(Data records)
= = = = = = =

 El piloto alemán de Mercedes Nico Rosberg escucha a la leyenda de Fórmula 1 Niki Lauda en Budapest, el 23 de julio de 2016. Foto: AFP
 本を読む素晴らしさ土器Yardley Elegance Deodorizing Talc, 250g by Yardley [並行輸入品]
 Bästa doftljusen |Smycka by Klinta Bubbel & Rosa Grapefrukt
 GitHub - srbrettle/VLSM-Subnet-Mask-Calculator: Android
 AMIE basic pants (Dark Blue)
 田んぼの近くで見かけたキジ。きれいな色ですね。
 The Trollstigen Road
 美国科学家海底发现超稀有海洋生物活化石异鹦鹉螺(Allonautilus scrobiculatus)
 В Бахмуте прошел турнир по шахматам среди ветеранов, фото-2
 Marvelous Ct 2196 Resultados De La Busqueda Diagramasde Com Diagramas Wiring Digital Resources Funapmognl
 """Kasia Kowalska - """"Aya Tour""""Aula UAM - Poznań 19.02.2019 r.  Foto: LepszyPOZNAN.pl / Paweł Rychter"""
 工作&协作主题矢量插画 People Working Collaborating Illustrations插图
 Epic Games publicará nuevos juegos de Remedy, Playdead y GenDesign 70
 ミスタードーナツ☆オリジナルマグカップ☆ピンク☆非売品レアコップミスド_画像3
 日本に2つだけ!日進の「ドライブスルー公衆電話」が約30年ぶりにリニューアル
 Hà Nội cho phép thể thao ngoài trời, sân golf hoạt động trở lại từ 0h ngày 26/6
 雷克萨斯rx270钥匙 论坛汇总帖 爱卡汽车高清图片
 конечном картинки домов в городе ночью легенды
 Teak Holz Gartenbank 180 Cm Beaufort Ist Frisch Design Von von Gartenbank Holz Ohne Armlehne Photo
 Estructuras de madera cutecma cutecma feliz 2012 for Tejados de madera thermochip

= = = = = = =

EXERCISE BRIEF: Of the entries listed above, reproduce only the lines starting at the line containing "The Trollstigen Road" and ending at the line containing "Marvelous Ct 2196". Include both, exactly as they stand.

ANSWER FOR THIS EXERCISE:
 The Trollstigen Road
 美国科学家海底发现超稀有海洋生物活化石异鹦鹉螺(Allonautilus scrobiculatus)
 В Бахмуте прошел турнир по шахматам среди ветеранов, фото-2
 Marvelous Ct 2196 Resultados De La Busqueda Diagramasde Com Diagramas Wiring Digital Resources Funapmognl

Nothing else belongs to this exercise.